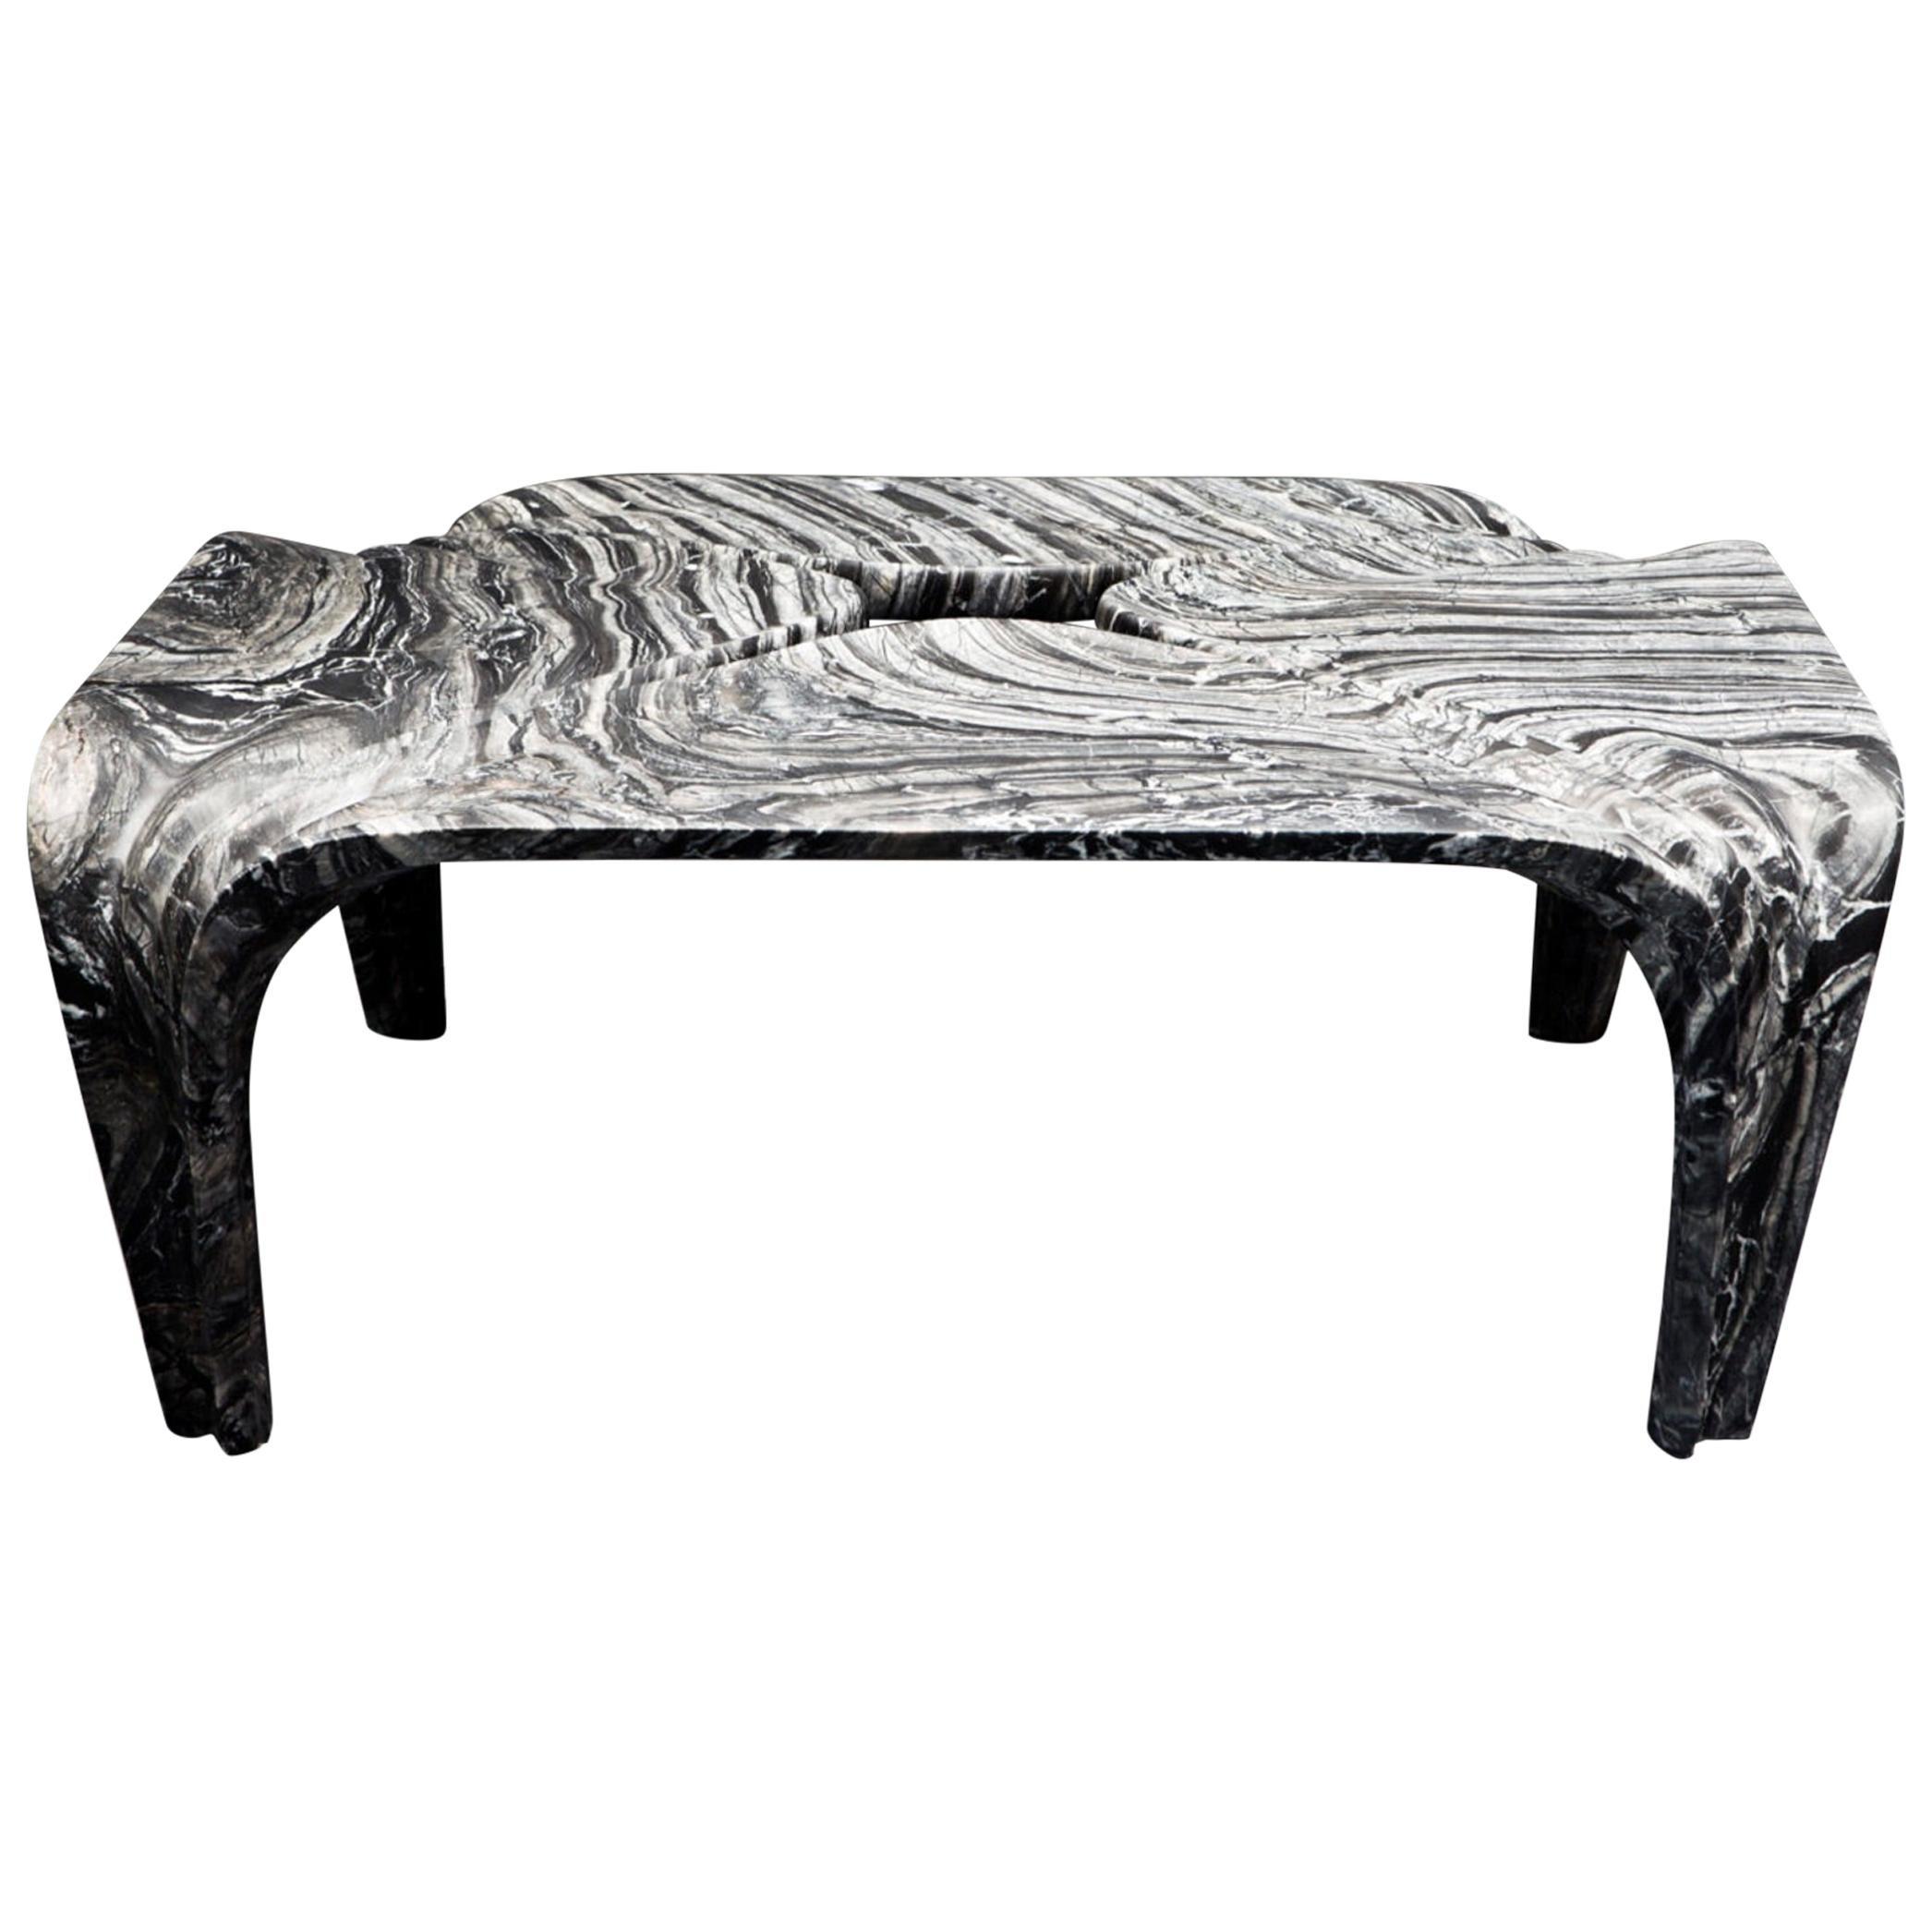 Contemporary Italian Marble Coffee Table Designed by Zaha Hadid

--

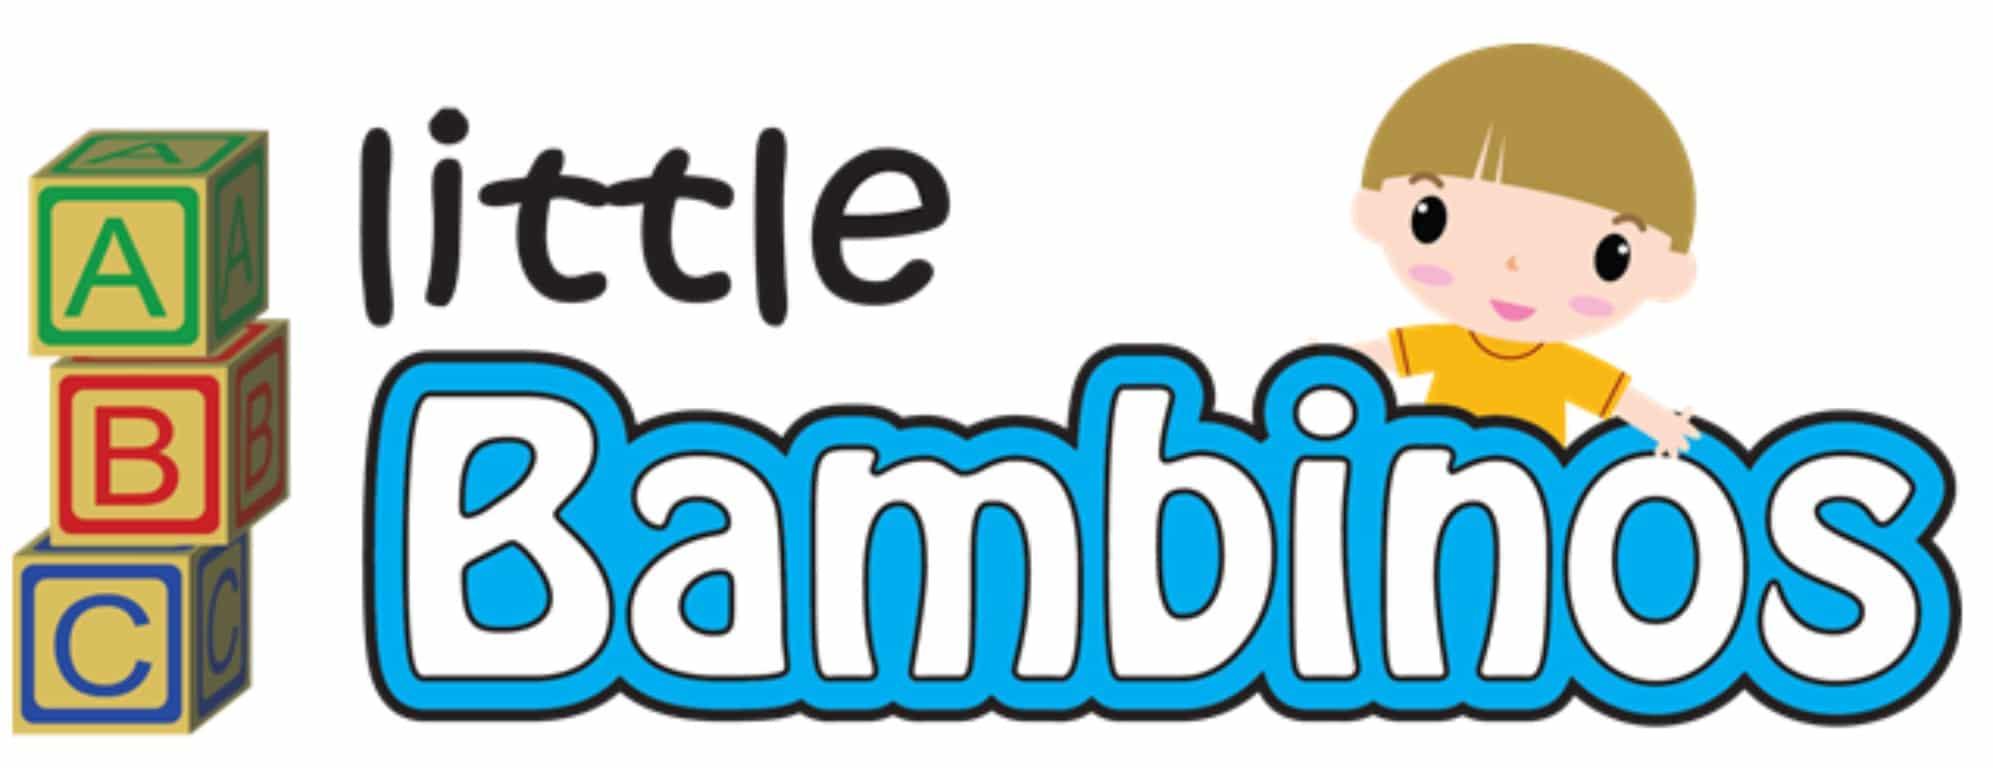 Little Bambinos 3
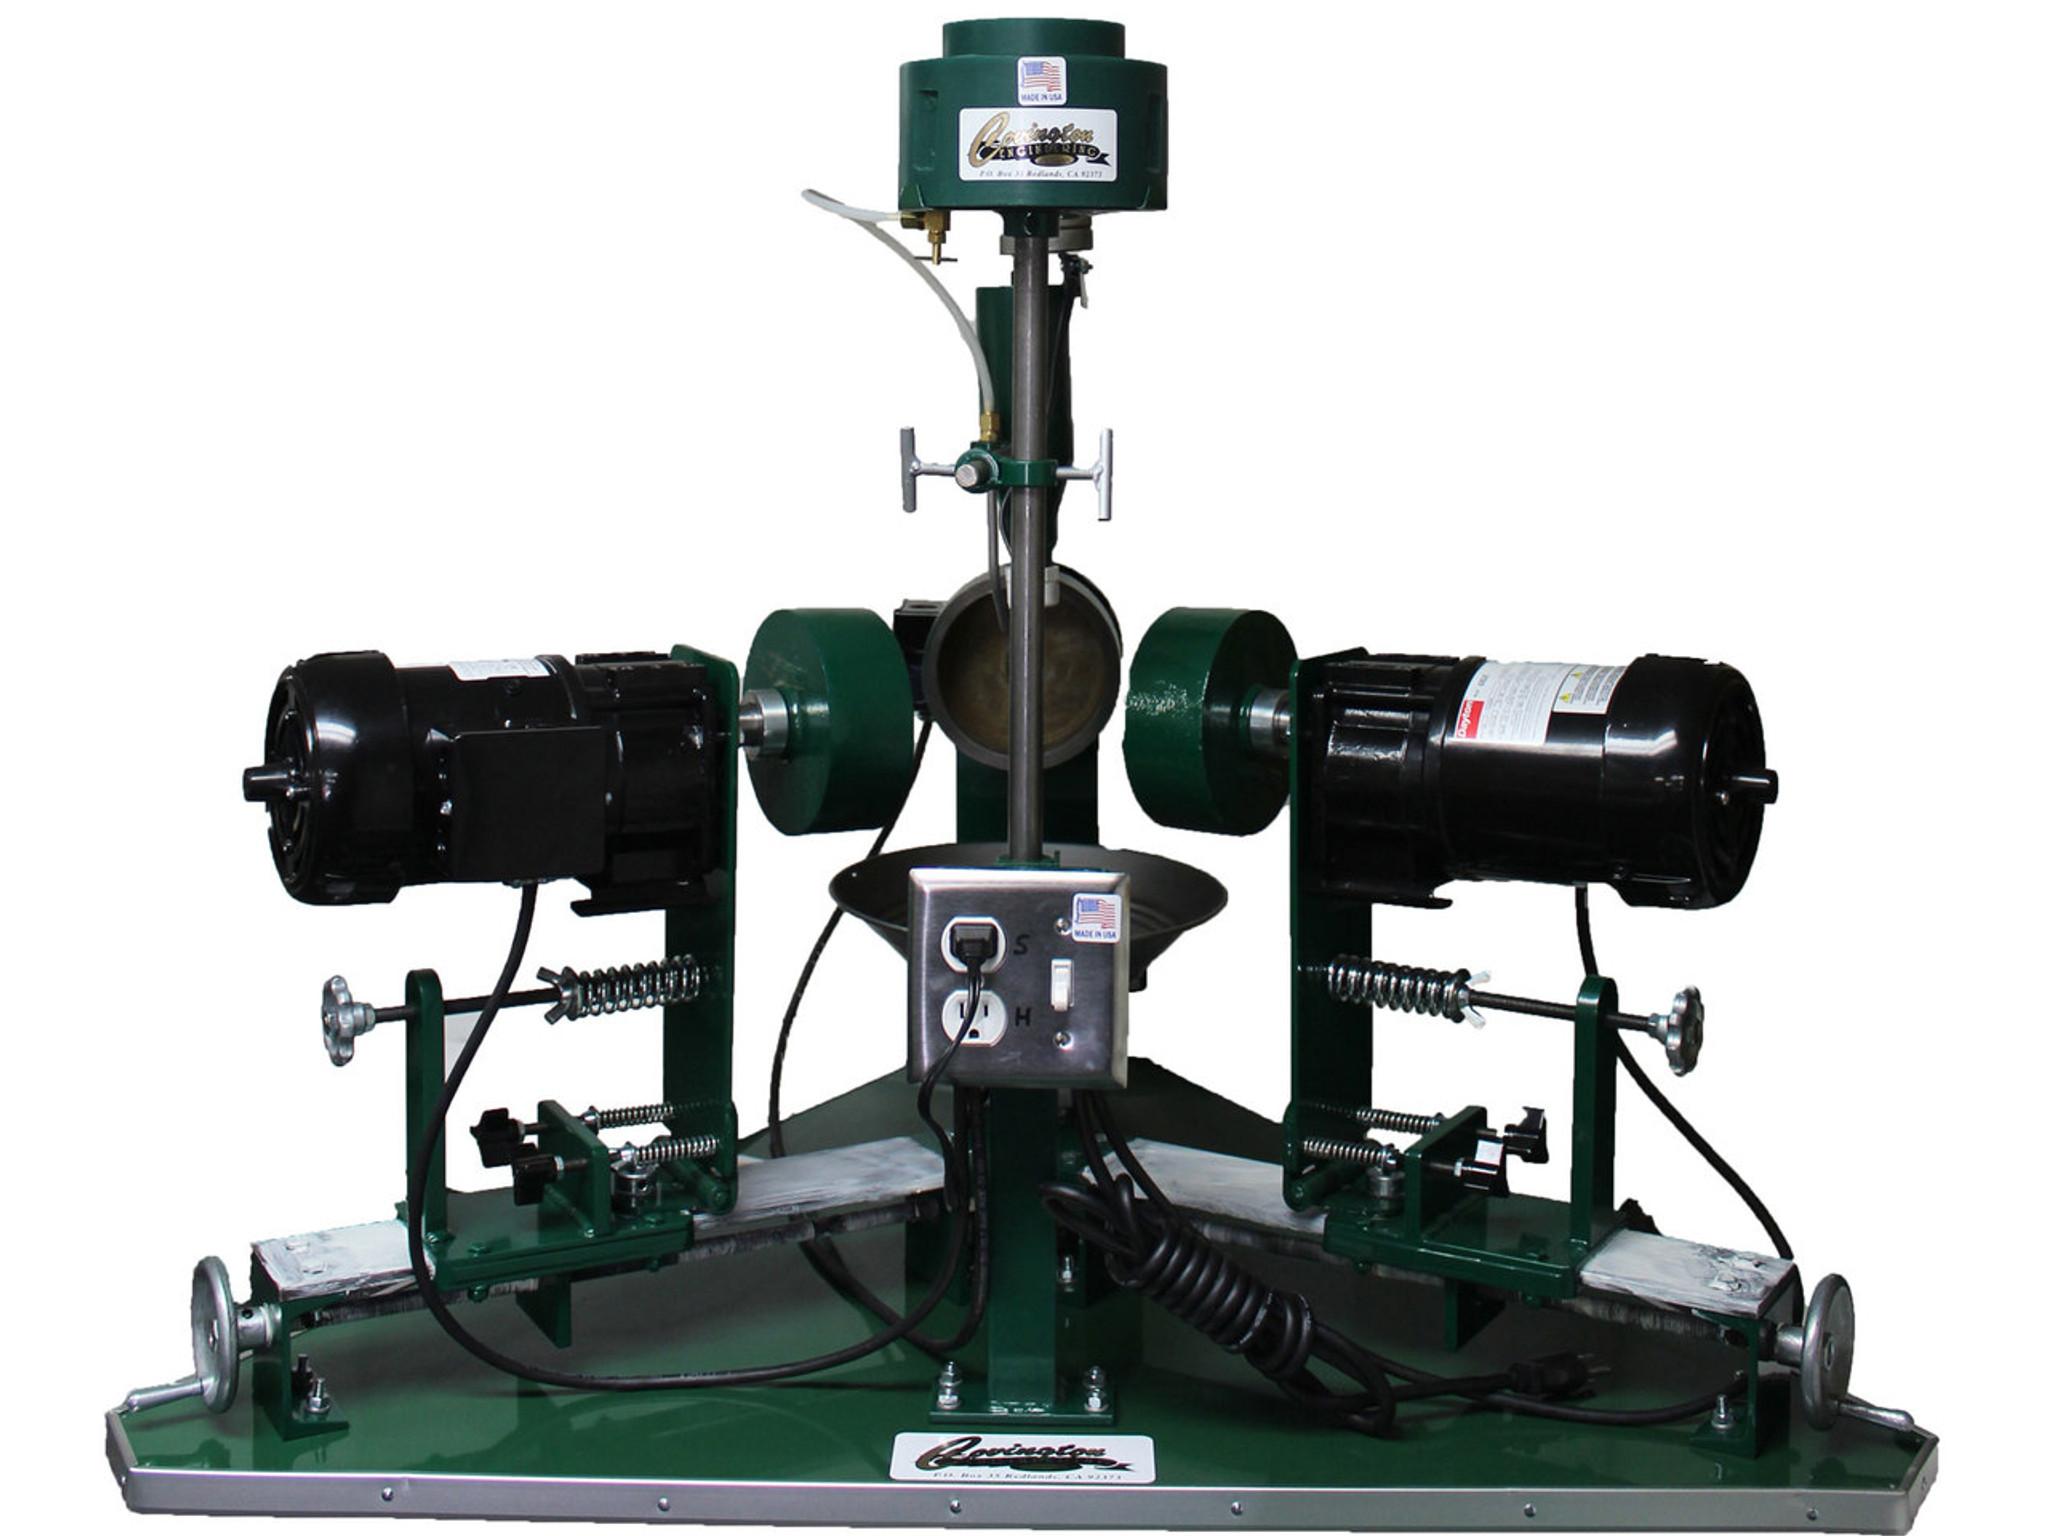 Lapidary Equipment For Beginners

--

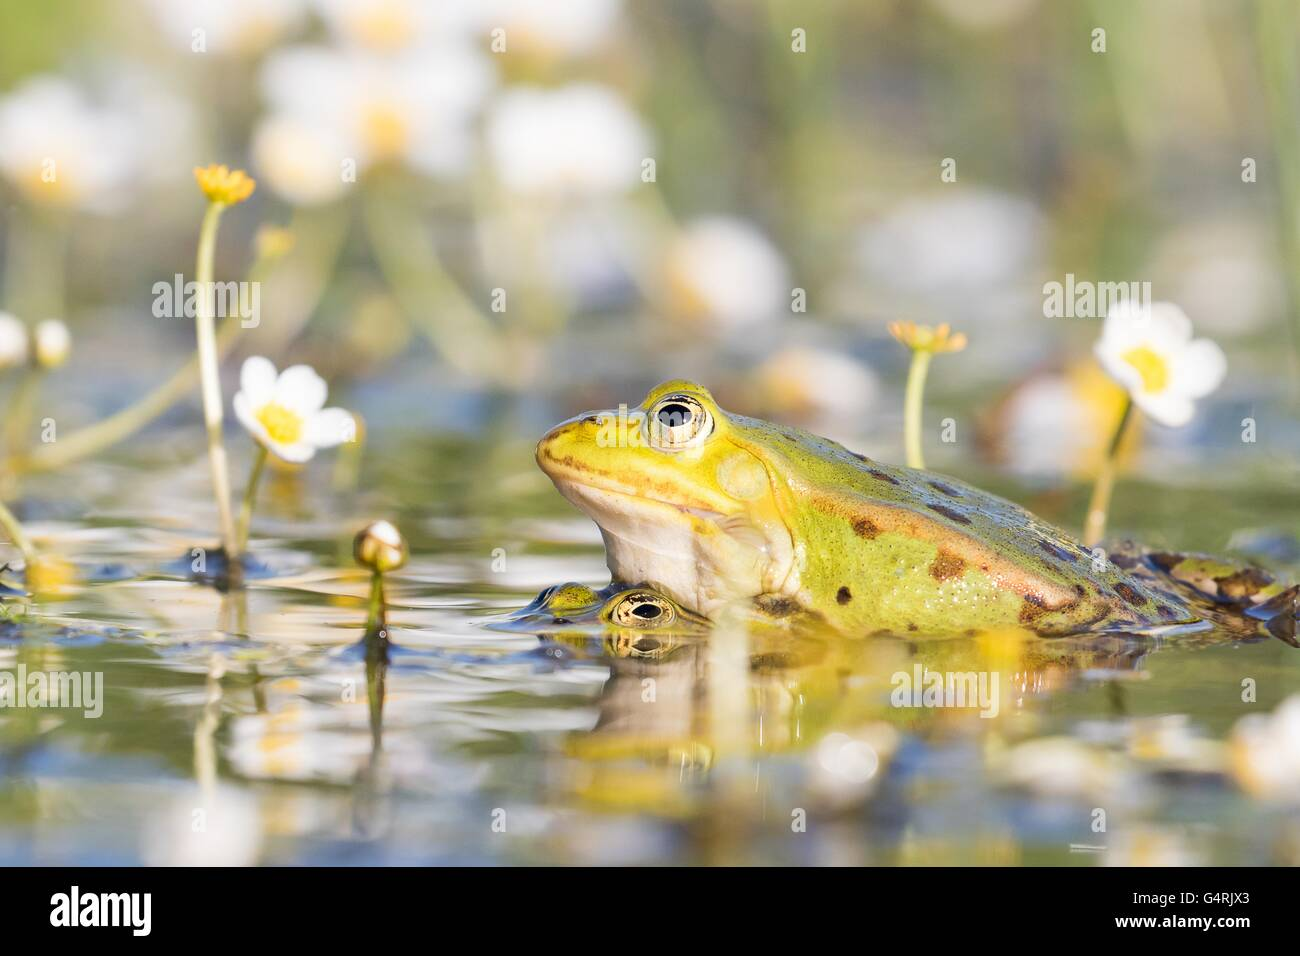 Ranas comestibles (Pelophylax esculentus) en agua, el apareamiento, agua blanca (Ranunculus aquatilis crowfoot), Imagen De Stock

> Exercise
After locating "Little Bambinos 3" and "Lapidary Equipment For Beginners" in the records above, return exactly the line holding each one and every line between them; leave out the pictures.

> Solved problem
 Little Bambinos 3
 Lapidary Equipment For Beginners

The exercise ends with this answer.